Further, flame retardants, pigments, fillers, etc. may be used as necessary, but there are no particular restrictions on these, and all known ones can be used. (Example) Hereinafter, a detailed explanation will be given based on an example. Examples 1 to 9 Soft foams were foamed according to the following procedure using three times the amount of each of the formulations shown in Table 1. First, PPG3000 was placed in a beaker, heated to 28°C in a water bath, and GR-30 was added and mixed with stirring for 30 seconds. Next, diol, T-9, DABCO and water were added and stirred for 10 seconds, then TDI was added and stirred for 6 seconds to allow free foaming in a metal container measuring 30 x 30 x 30 cm. After heating the obtained foam at 100℃ for 10 minutes
After leaving at room temperature for 24 hours, the apparent density was measured using the ASTM D1564-64T method, the tensile strength, elongation, and tear strength were measured using the JIS K6301 method, and the 25% hardness was measured using the JIS K6401 method. Shown in the table. Comparative Examples 1 to 2 Foams were fabricated in the same manner as in the examples except for the case where only general-purpose PPG3000 was used as the polyol component (Comparative Example 1) and the case where a large amount of 11 parts of diol was used (Comparative Example 2). The sex was measured.

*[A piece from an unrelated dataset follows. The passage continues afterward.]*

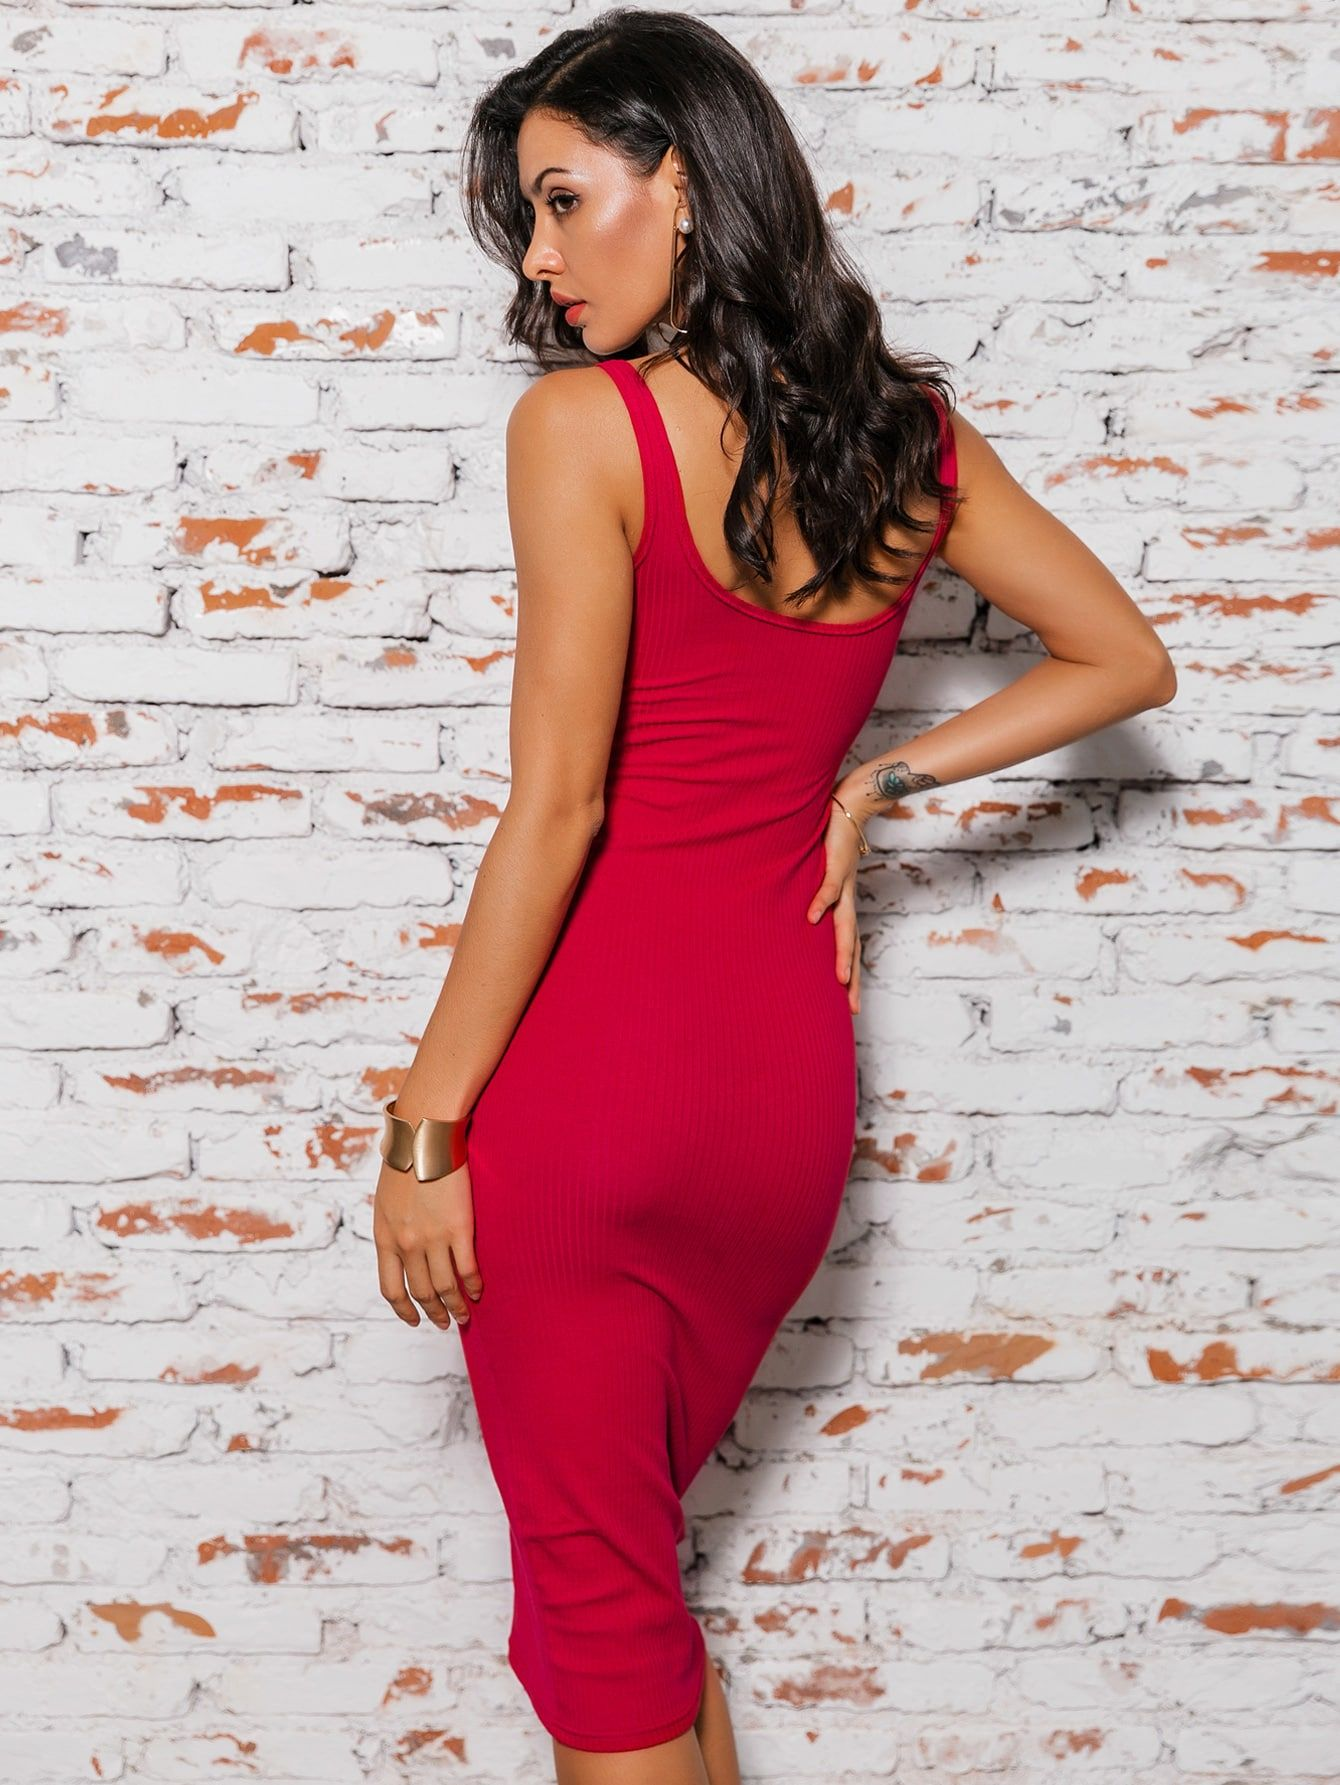 Glamaker Solid Rib Knit Bodycon Dress Bodycon Dress Ribbed Knit Bodycon Dress Mesh Sleeved Dress [ 1785 x 1340 Pixel ]

The results are also listed in Table 1. In addition, in the table *1 Polypropylene polyol manufactured by Mitsui Nisso (trifunctional, MW3000, OH value 56) *2 Aromatic amine-based polyol manufactured by Takeda Pharmaceutical Company Limited (OH value 400) *3 Diol 2000 manufactured by Asahi Denka (MW2000, OH value
56) *4 Tin catalyst manufactured by Yoshitomi Pharmaceutical *5 Amine catalyst manufactured by Foodry *6 TDI-80 manufactured by Mitsui Nisso

[Table] (Effects of the invention) (1) Even by adding just 0.5 part of GR-30, the effect of improving hardness is observed as seen in Example 1.
If the blended amount of GR-30 is increased, the hardness increases in proportion to the blended amount, but as seen in Examples 2 and 3, a tendency for the strength and elongation properties, particularly elongation, to decrease is observed. (2) In order to prevent the deterioration of strength and elongation properties due to the addition of GR-30, it is effective to use linear diols as shown in Examples 4 to 9. When added, the closed cell content of the resulting foam increases and shrinkage occurs at the bottom of the foam block, making it impossible to obtain a good foam.

Claims (1)

[Scope of Claims] 1. A flexible polyurethane foam obtained by reacting a polyol component having at least difunctional hydroxyl groups and an at least difunctional polyisocyanate component in the presence of a blowing agent, a catalyst, and a foam stabilizer. In this method, a mixed polyol consisting of a trifunctional polyol for flexible foam and an aromatic amine-based polyoxyalkylene polyol is used as the polyol component, and the proportion of the aromatic amine-based polyol in the total polyol component is 0.5 to 5% by weight. High hardness and soft polyurethane foam. 2 As a polyol component, the molecular weight is 1000~
The polyurethane foam according to claim 1, in which a diol of 2000 is used in combination.